Add either the unset API_FIP or a new address to the created load balancer VIP:

$ openstack floating ip set  --port $(openstack loadbalancer show -c <vip_port_id> -f value API_OCP_CLUSTER) $API_FIP

Your cluster now uses Octavia for load balancing.

Configuring an external load balancer

You can configure an OKD cluster on OpenStack to use an external load balancer in place of the default load balancer.

Configuring an external load balancer depends on your vendor’s load balancer.

The information and examples in this section are for guideline purposes only. Consult the vendor documentation for more specific information about the vendor’s load balancer.

Red Hat supports the following services for an external load balancer:

Ingress Controller
OpenShift API
OpenShift MachineConfig API

You can choose whether you want to configure one or all of these services for an external load balancer. Configuring only the Ingress Controller service is a common configuration option. To better understand each service, view the following diagrams:

Figure 1. Example network workflow that shows an Ingress Controller operating in an OKD environment

Figure 2. Example network workflow that shows an OpenShift API operating in an OKD environment

Figure 3. Example network workflow that shows an OpenShift MachineConfig API operating in an OKD environment

The following configuration options are supported for external load balancers:

Use a node selector to map the Ingress Controller to a specific set of nodes. You must assign a static IP address to each node in this set, or configure each node to receive the same IP address from the Dynamic Host Configuration Protocol (DHCP). Infrastructure nodes commonly receive this type of configuration.
Target all IP addresses on a subnet. This configuration can reduce maintenance overhead, because you can create and destroy nodes within those networks without reconfiguring the load balancer targets. If you deploy your ingress pods by using a machine set on a smaller network, such as a /27 or /28, you can simplify your load balancer targets.

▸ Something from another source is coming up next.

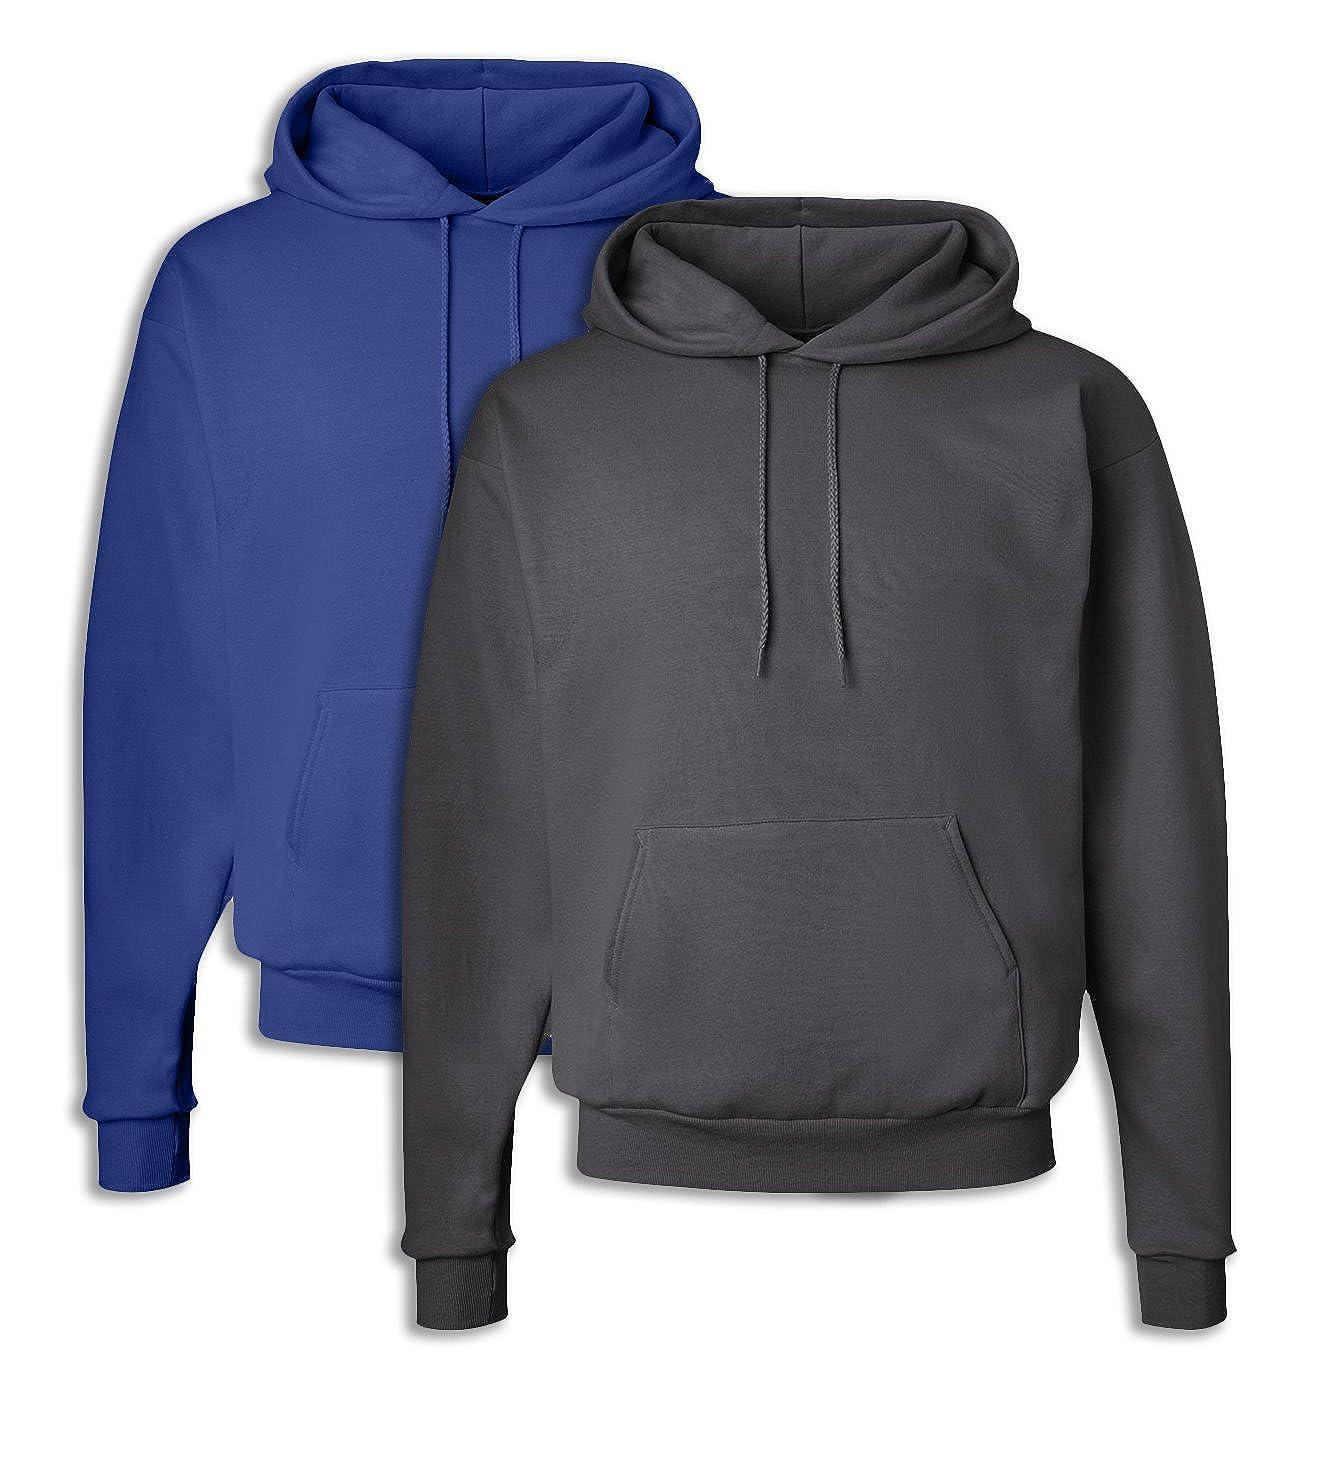 Hanes P170 Mens EcoSmart Hooded Sweatshirt 2XL 1 Deep Royal 1 Smoke Grey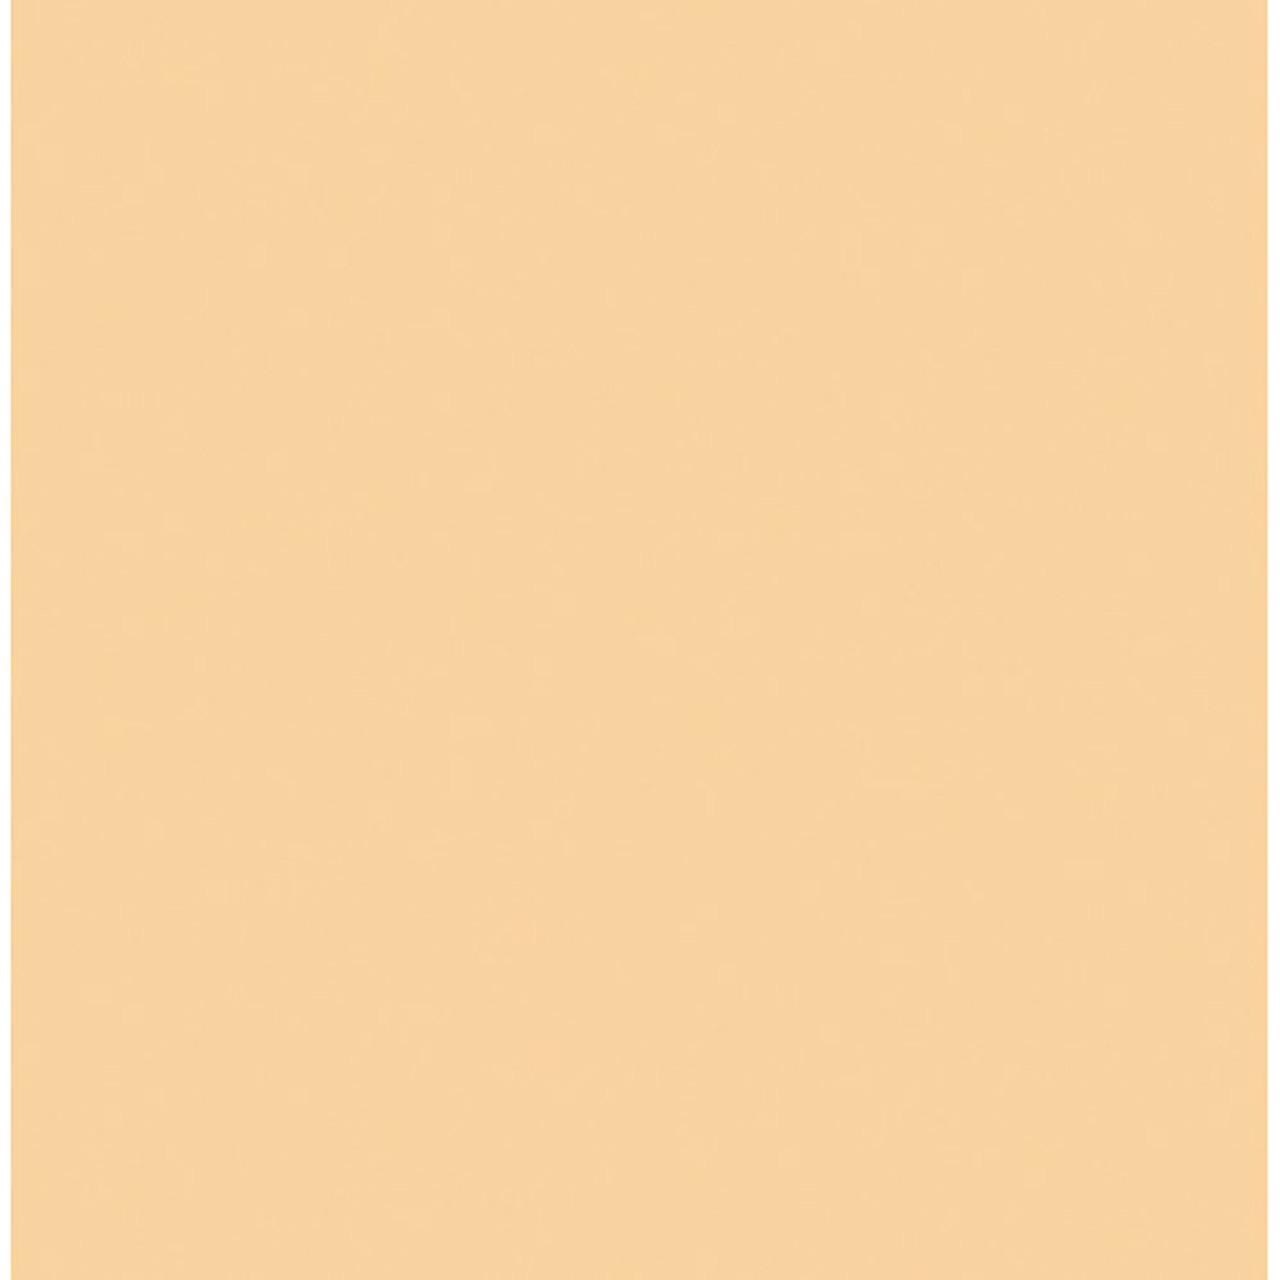 "#3442 Rosco Gels Roscolux Half Straw (1/2 CTS), 20x24"""

You can list all IP addresses that exist in a network by checking the machine config pool’s resources.

Considerations

For a front-end IP address, you can use the same IP address for the front-end IP address, the Ingress Controller’s load balancer, and API load balancer. Check the vendor’s documentation for this capability.
For a back-end IP address, ensure that an IP address for an OKD control plane node does not change during the lifetime of the external load balancer. You can achieve this by completing one of the following actions:
- Assign a static IP address to each control plane node.
- Configure each node to receive the same IP address from the DHCP every time the node requests a DHCP lease. Depending on the vendor, the DHCP lease might be in the form of an IP reservation or a static DHCP assignment.
Manually define each node that runs the Ingress Controller in the external load balancer for the Ingress Controller back-end service. For example, if the Ingress Controller moves to an undefined node, a connection outage can occur.

OpenShift API prerequisites

You defined a front-end IP address.
TCP ports 6443 and 22623 are exposed on the front-end IP address of your load balancer. Check the following items:
- Port 6443 provides access to the OpenShift API service.
- Port 22623 can provide ignition startup configurations to nodes.
The front-end IP address and port 6443 are reachable by all users of your system with a location external to your OKD cluster.
The front-end IP address and port 22623 are reachable only by OKD nodes.
The load balancer backend can communicate with OKD control plane nodes on port 6443 and 22623.

Ingress Controller prerequisites

You defined a front-end IP address.
TCP ports 443 and 80 are exposed on the front-end IP address of your load balancer.
The front-end IP address, port 80 and port 443 are be reachable by all users of your system with a location external to your OKD cluster.
The front-end IP address, port 80 and port 443 are reachable to all nodes that operate in your OKD cluster.
The load balancer backend can communicate with OKD nodes that run the Ingress Controller on ports 80, 443, and 1936.

Prerequisite for health check URL specifications

You can configure most load balancers by setting health check URLs that determine if a service is available or unavailable. OKD provides these health checks for the OpenShift API, Machine Configuration API, and Ingress Controller backend services.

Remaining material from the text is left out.